Она сунула мне в карман еще денег. Я повернулся и пошел не оглядываясь, чувствуя спиной ее прощальный взгляд.
Уйти из дому, впервые покинуть дом! Невообразимый простор открылся передо мною, грустный, словно бы вечерний простор. Куда идти, где и что искать? Это очень странное чувство, когда можно сесть в любой поезд любого направления, а то и вовсе не садиться в поезд, а идти пешком или ехать на арбе… и все равно…
Я встал в очередь к билетной кассе и взял жесткий билет с плацкартой на Самарканд. Все равно!..
Канибадам
Канибадам в правильном начертании пишется "Кенд-и-Бодам". "Кенд" - это по-русски "город", "Бодам" - "миндаль", в переводе получается: "Город миндаля".
О том, как я пришел в этот поэтический город, пусть расскажут мои стихи, написанные давным-давно. Я никогда не печатал стихов, а здесь представляется такой удобный случай, не упускать же!
До нитки мокрый, увязая в глине,
Я под вечер пришел в Канибадам.
Кончался март. В предгорьях и долине
Уже шумели ливни по садам.Темнело небо, ночь плыла с востока.
Улегся ветр в горах, погас закат,
Но след его на снеговых высотах
Еще сиял, прозрачно-розоват.Вокруг просторно было, тихо, пусто…
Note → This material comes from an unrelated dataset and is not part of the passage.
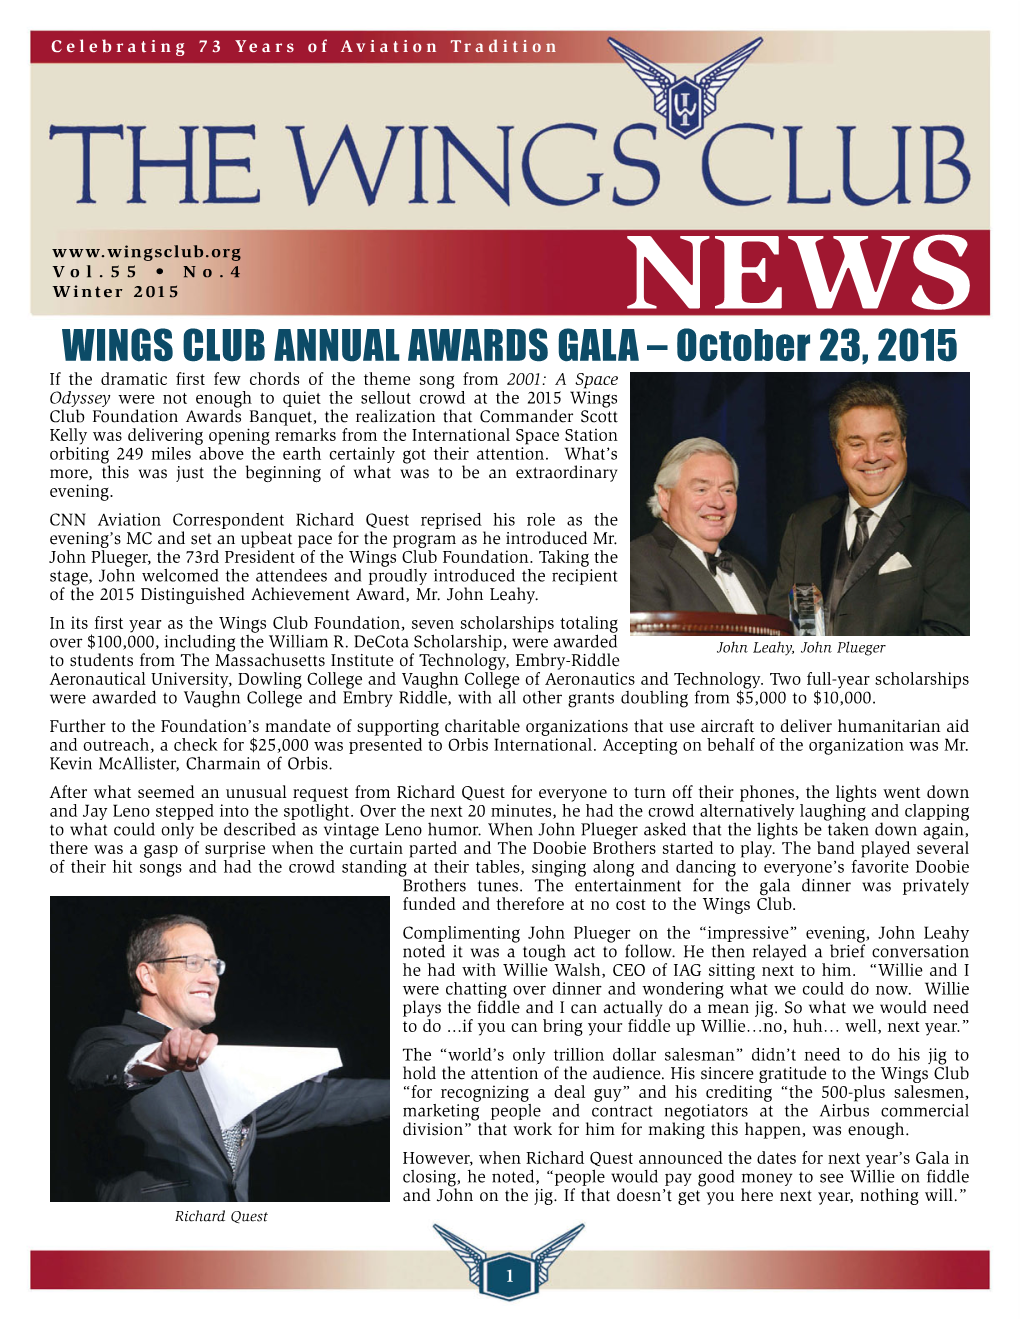 WINGS CLUB ANNUAL AWARDS GALA – October 23, 2015

И призрачен, как те, кого уж нет,
Чуть реял, мглист, невыразимо грустен,
Снегами отраженный полусвет.Моя тропинка заблудилась где-то
В полях, садах безлюдных и нагих,
Ронявших слезы с тонких черных веток.
О чем, о ком? Я не спросил у них…Еще без птичьих песен, без фиалки,
Сады внимали шепоту весны,
По-девичьи стыдливы, робки, жалки,
Неизъяснимой свежести полны,Поднять ресниц заплаканных не смея,
Таким прозрачным кружевом сквозя,
Такой воздушной нежностью синея,
Что вспомнить - больно, и забыть - нельзя…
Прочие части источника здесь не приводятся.